Since I have worked with Revit for the past six years I used a lot of phasing.  I had to think about it more than I did with AutoCAD.  So, I realized that I could use phasing in AutoCAD as well.  The concept is simple, use programming to make it possible to click on a button or tool in the palette and have that object come in at the right layer, linetype, etc…
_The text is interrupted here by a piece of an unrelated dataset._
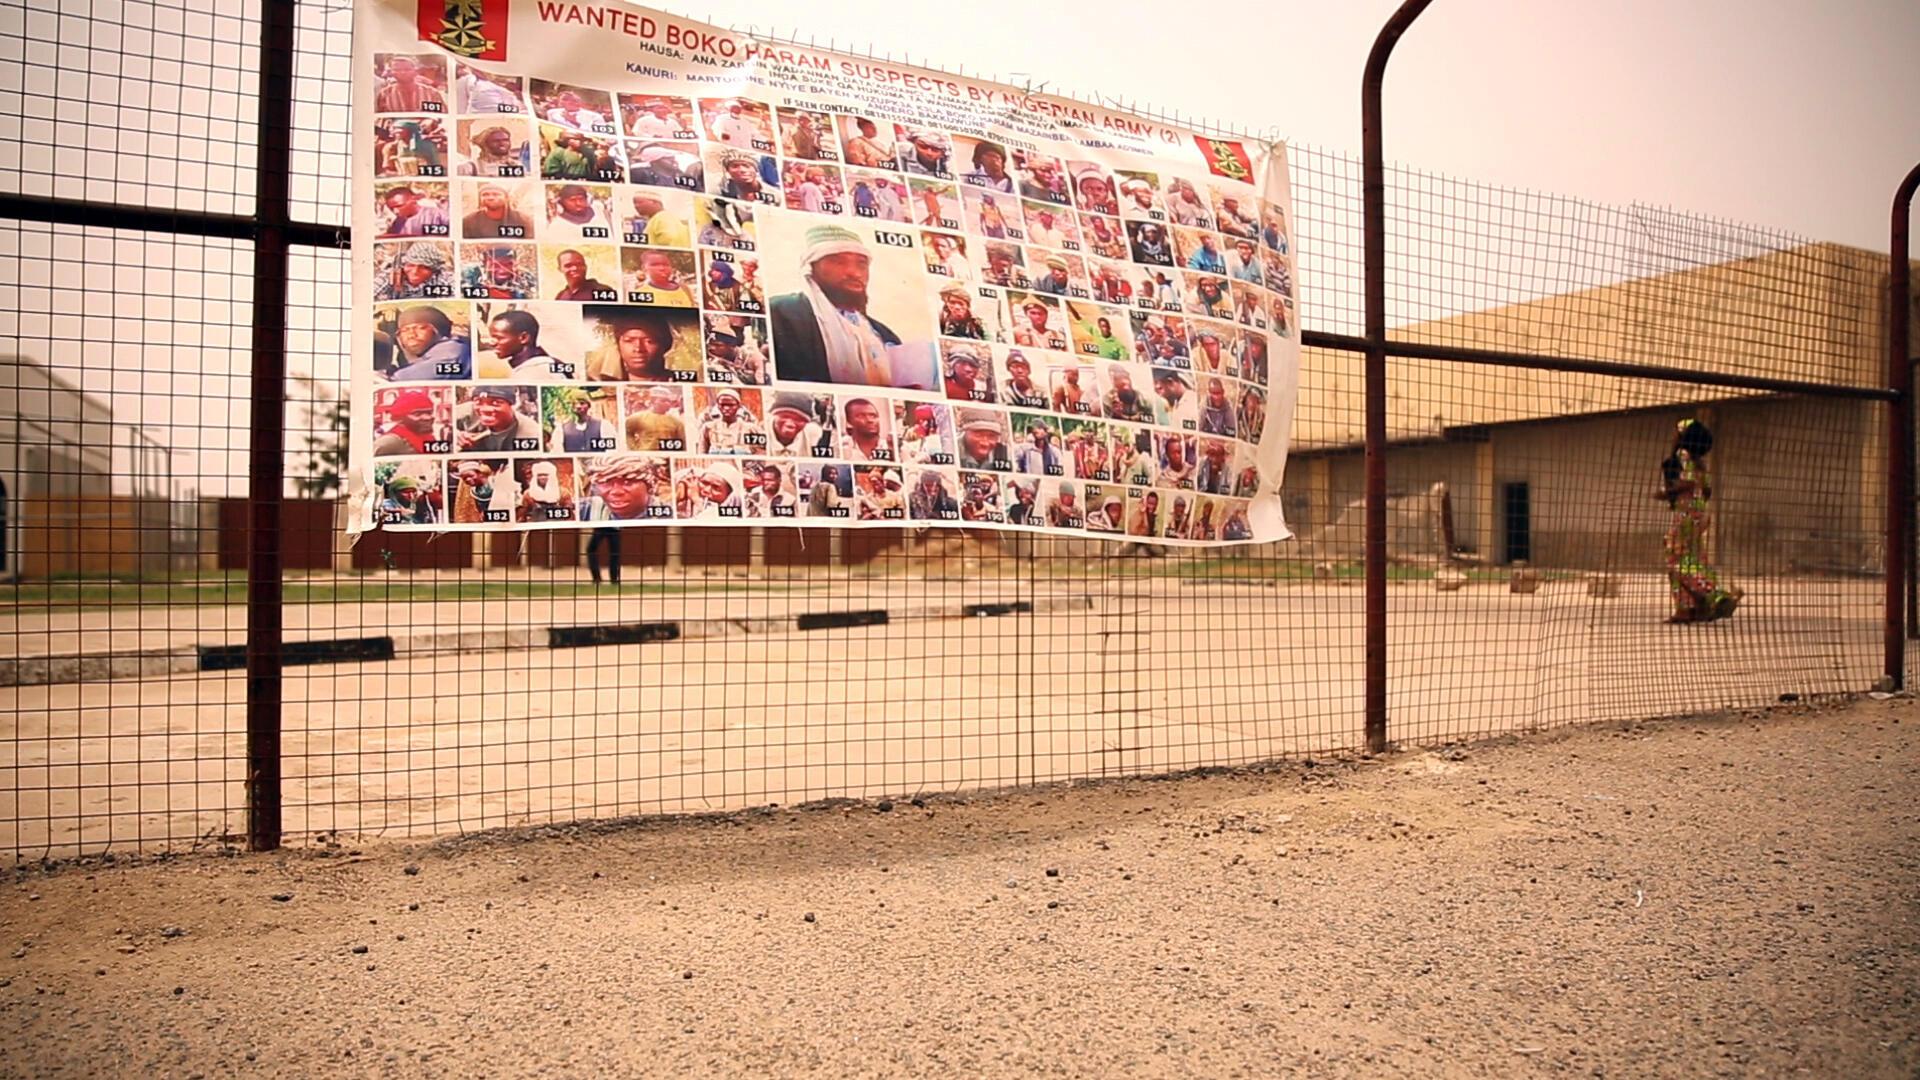 Barnawi na cikin jerin sunayen 'Yan Boko Haram 100 da Najeriya ke nema ruwa a jallo

The first task to completing this is to add the programming to your ACAD.LSP.  To make it a little more simple, I have just used New or Exist for this article.  This is what it would look like in your ACAD.LSP:

(setvar "CMDECHO" 0)
(if (= nil NORE)
(setvar "CMDECHO" 1)

I chose NORE for the variable, but you can make it whatever you like.  This is the variable that will be read throughout the AutoCAD drawings.  Either you set it to “NEW” or “EXIST” depending on the LISP routine that you are running.  In the above text, initially, if the variable has not been set for the drawing you are opening, it sets the variable to new.  After you add this text to your ACAD.LSP, it is necessary to produce LISP routines for separate phases.  For example, if I want to create a routine that will react to the phase modifier and choose the correct Hatch, I would have to make programming to facilitate that.  Currently, I have another modifier that I use that changes what the hatch or object would be, per discipline.  So, I would create three different types of LISP routines.  The first routine would read which phase is active:

(defun C:CrossHatch (/ o:la)
   (setvar "cmdecho" 0)
   (setq o:la (getvar "CLAYER"))

   (if (= NORE "NEW")
     (load "J:/General/Support/Separate LISP Routines/CrossHatchNew"))

To save space, I did not put all of the text from the routine.  You would add more lines, with variables, per the phases that you would like to set up in your programming.  The next routine would read which discipline is active:

   (setvar "cmdecho" 0)

   (if (= DISC "ARCH")
     (load "J:/Autodesk/ACADPROD/2012/General/Support/Separate LISP Routines/CrossHatchA"))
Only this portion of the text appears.